La RI si è affiancata alle tecniche di chirurgia tradizionale e spesse volte, soprattutto negli ultimi anni, le ha sostituite grazie ai peculiari vantaggi che la contraddistinguono:

  • Nel 90% dei casi viene eseguita in anestesia locale
  • Richiede tempi di ricovero estremamente brevi e in alcuni casi può essere effettuata anche in regime ambulatoriale
  • Le tecniche di RI sono considerate mini-invasive in quanto in più del 90% dei casi vengono eseguite per via percutanea, senza necessità quindi di tomia, ovvero di esposizione chirurgica dell'organo da trattare.
  • I rischi della metodica, rispetto alla chirurgia, sono decisamente inferiori e, in buona parte dei casi, trascurabili.

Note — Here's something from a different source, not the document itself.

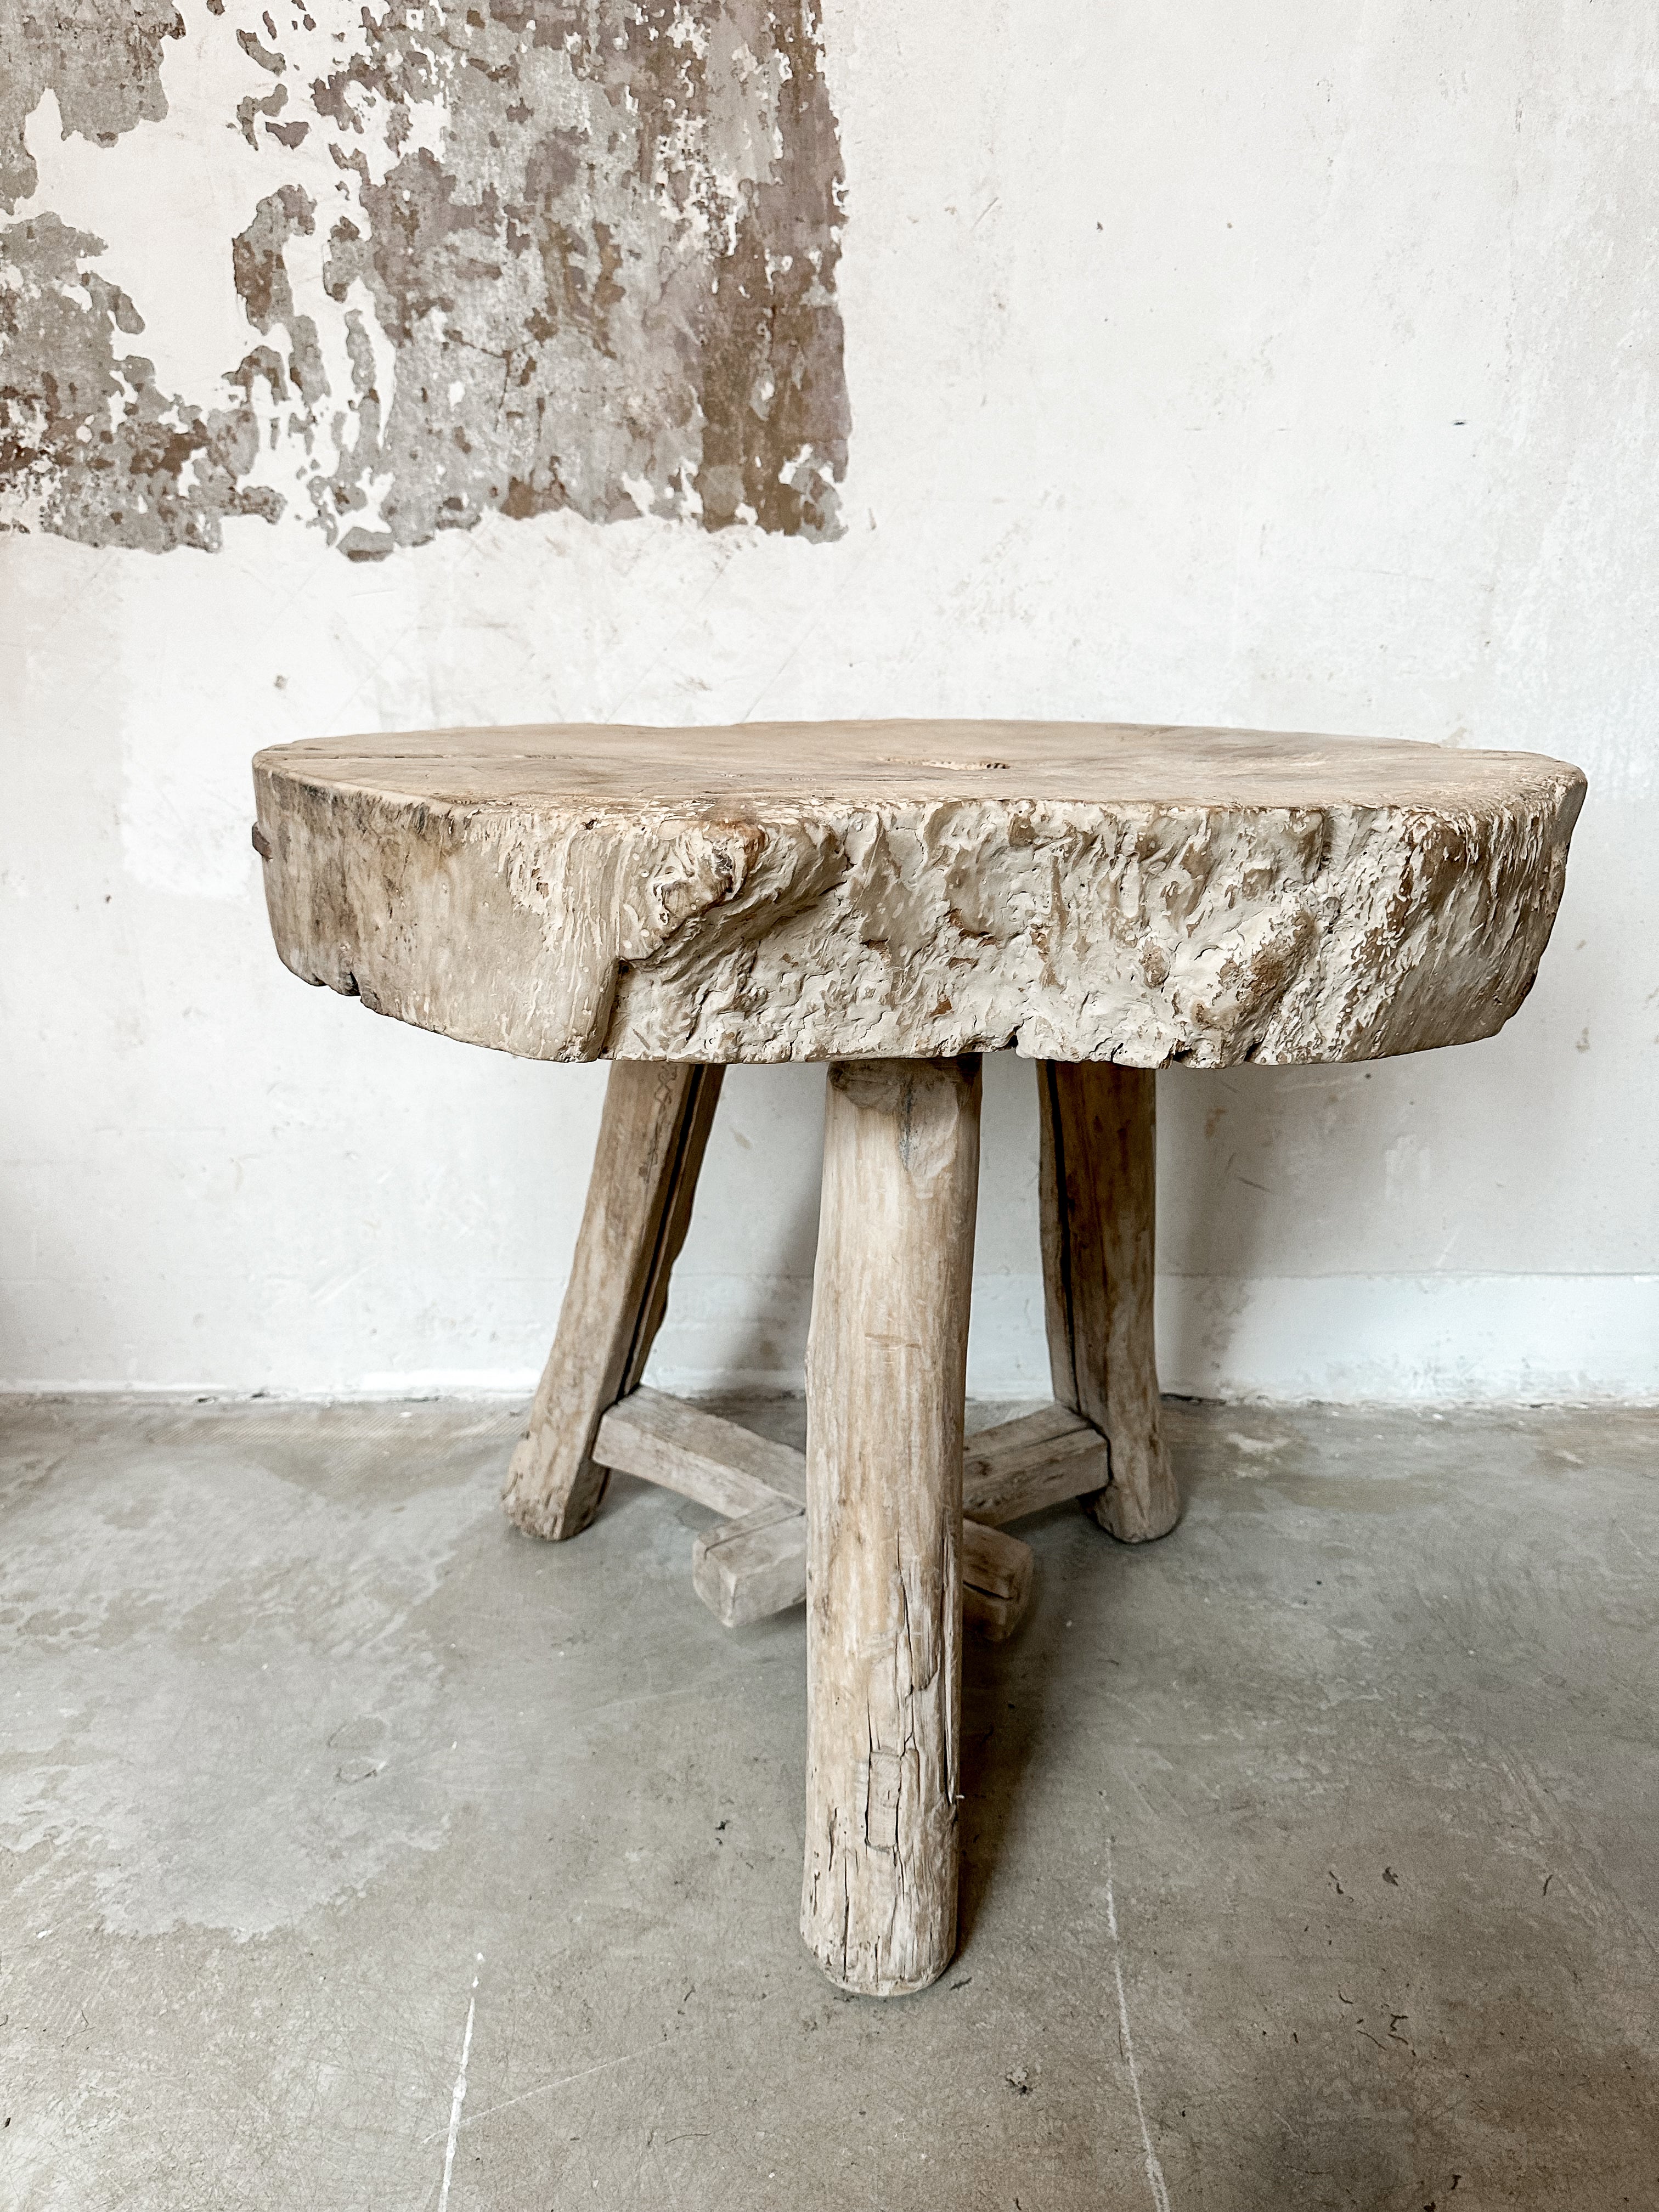 The rustic white side table

Gli svantaggi della RI sono sostanzialmente riconducibili a:

  • Necessità frequente dell'uso di metodiche a raggi X per la guida e il controllo delle procedure, con esposizione al paziente e in parte all'operatore.
  • Uso di mezzo di contrasto intra-arterioso o intra-venoso.
  • Operatore-dipendenza: il buon esito della procedura è legato all'esperienza dell'operatore.

[modifica] Embolizzazione

Indicazioni 
Emorragie acute, malformazioni artero-venose, fistole artero-venose, aneurismi o pseudoaneurismi, angiomi, tumori maligni o benigni ipervascolari, varicocele maschile o femminile, ipersplenismo.
Tecnica 
L'embolizzazione consiste nell'occlusione di un vaso arterioso o venoso. Si ottiene mediante l'uso di agenti meccanici definitivi o temporanei quali: coaguli autologhi, alcool polivinilico, materiale spongioso, colla chirurgica o spirali metalliche. Questi vengono introdotti attraverso cateteri per via endovascolare o attraverso puntura diretta della lesione.

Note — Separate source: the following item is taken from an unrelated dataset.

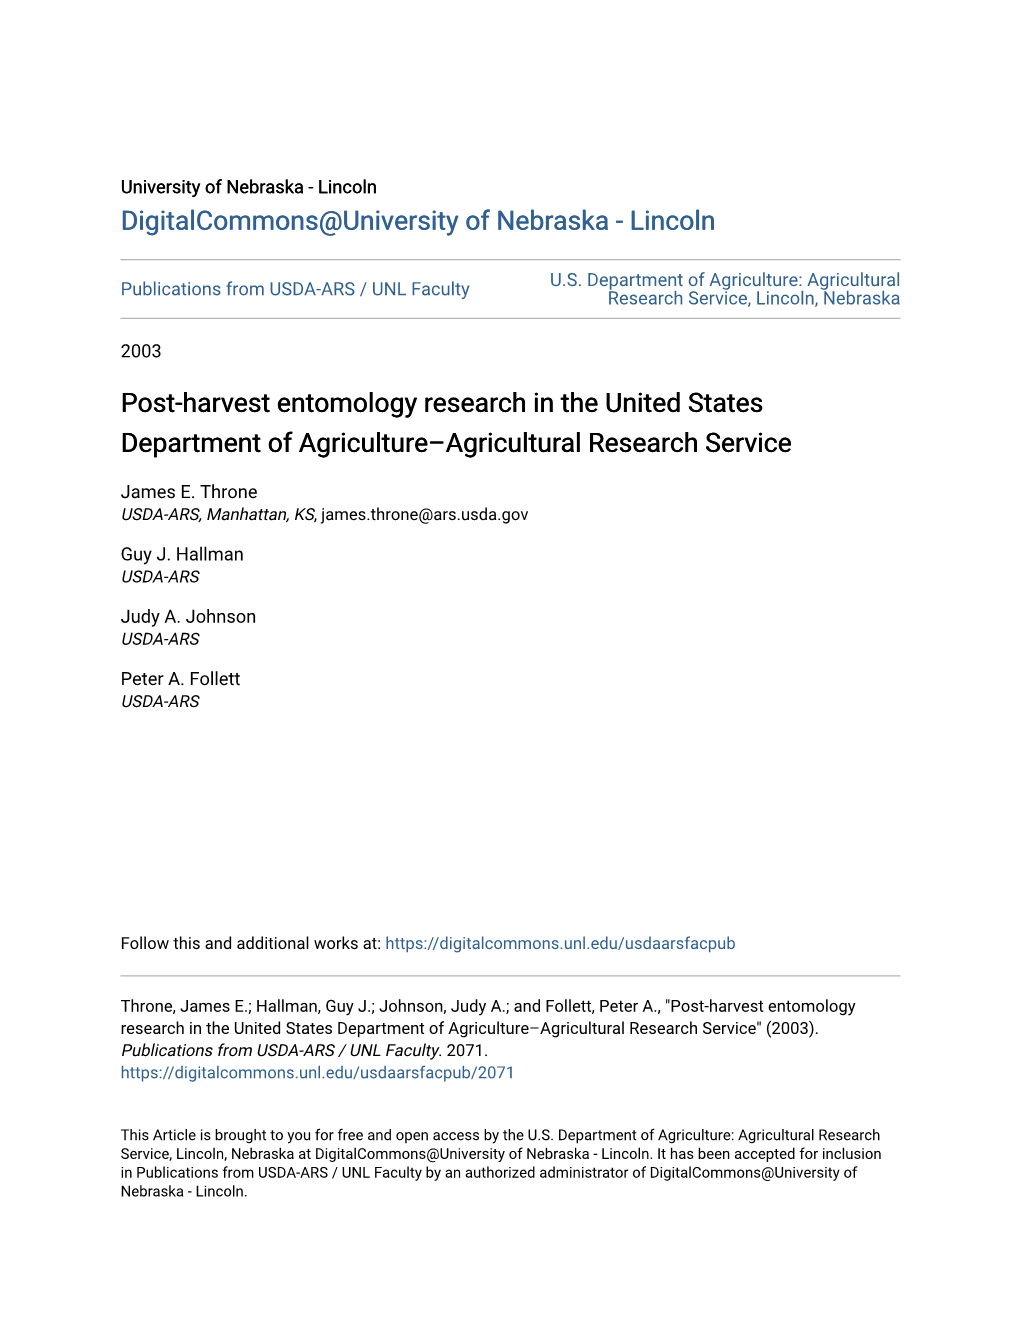 Post-Harvest Entomology Research in the United States Department of Agriculture–Agricultural Research Service

[modifica] Chemioembolizzazione

[modifica] Drenaggio percutaneo

[modifica] Angioplastica e Stent

[modifica] Fibrinolisi

[modifica] Filtro cavale

[modifica] Rimozione corpi estranei intravascolari

[modifica] Biopsia

[modifica] Termoablazione

[modifica] Alcoolizzazione

[modifica] Vertebroplastica

Indicazioni 
Fratture o depressioni vertebrali dovute ad osteoporosi, tumori primitivi (o metastasi) o angiomi, con sintomatologia dolorosa resistente alla terapia tradizionale.
Tecnica 
Consiste nell'iniezione in anestesia locale di uno speciale tipo di "cemento" biocompatibile (polimetilmetacrilato - PMMA), già usato da tempo in interventi ortopedici, mediante un ago appositamente conformato che viene introdotto per via percutanea nel corpo vertebrale da trattare sotto guida della TAC e/o della fluoroscopia. Questo particolare cemento si consolida rapidamente, in circa 10-15 minuti, e raggiunge temporaneamente un'elevata temperatura, determinando una riduzione o scomparsa completa del dolore e permettendo una stabilizzazione della vertebra fratturata.
Risultati 
I pazienti sottoposti a questa procedura, in una percentuale che va dal 70% al 90% dei casi, hanno una scomparsa della sintomatologia algica e riprendono la loro normale motilità e funzionalità senza necessità di tutori quali il busto ortopedico. Il ricovero complessivo è in genere di sole 24 ore. La procedura, ove vi sia una corretta indicazione, ha sostituito le terapie chirurgiche tradizionali di stabilizzazione con enorme vantaggio per il paziente che non deve subire l'anestesia generale né un vero e proprio intervento chirurgico e necessita di tempi di recupero di poche ore.
Limiti 
Vi sono alcune controindicazioni alla metodica: fratture con "bulging" (dislocazione) del muro posteriore della vertebra con impegno di più del 20% del canale vertebrale; stati settici; gravi discrasie della coagulazione; fratture stabilizzate senza dolore. Le complicanze gravi legate alla procedura sono rare (<0,1%) e consistono principalmente nell'embolia polmonare a causa di migrazione del cemento nei vasi polmonari e nella compressione midollare da migrazione del cemento nel canale vertebrale. L'esperienza dell'operatore e una buona apparecchiatura radiologica di guida sono fondamentali al fine di evitare tali complicanze.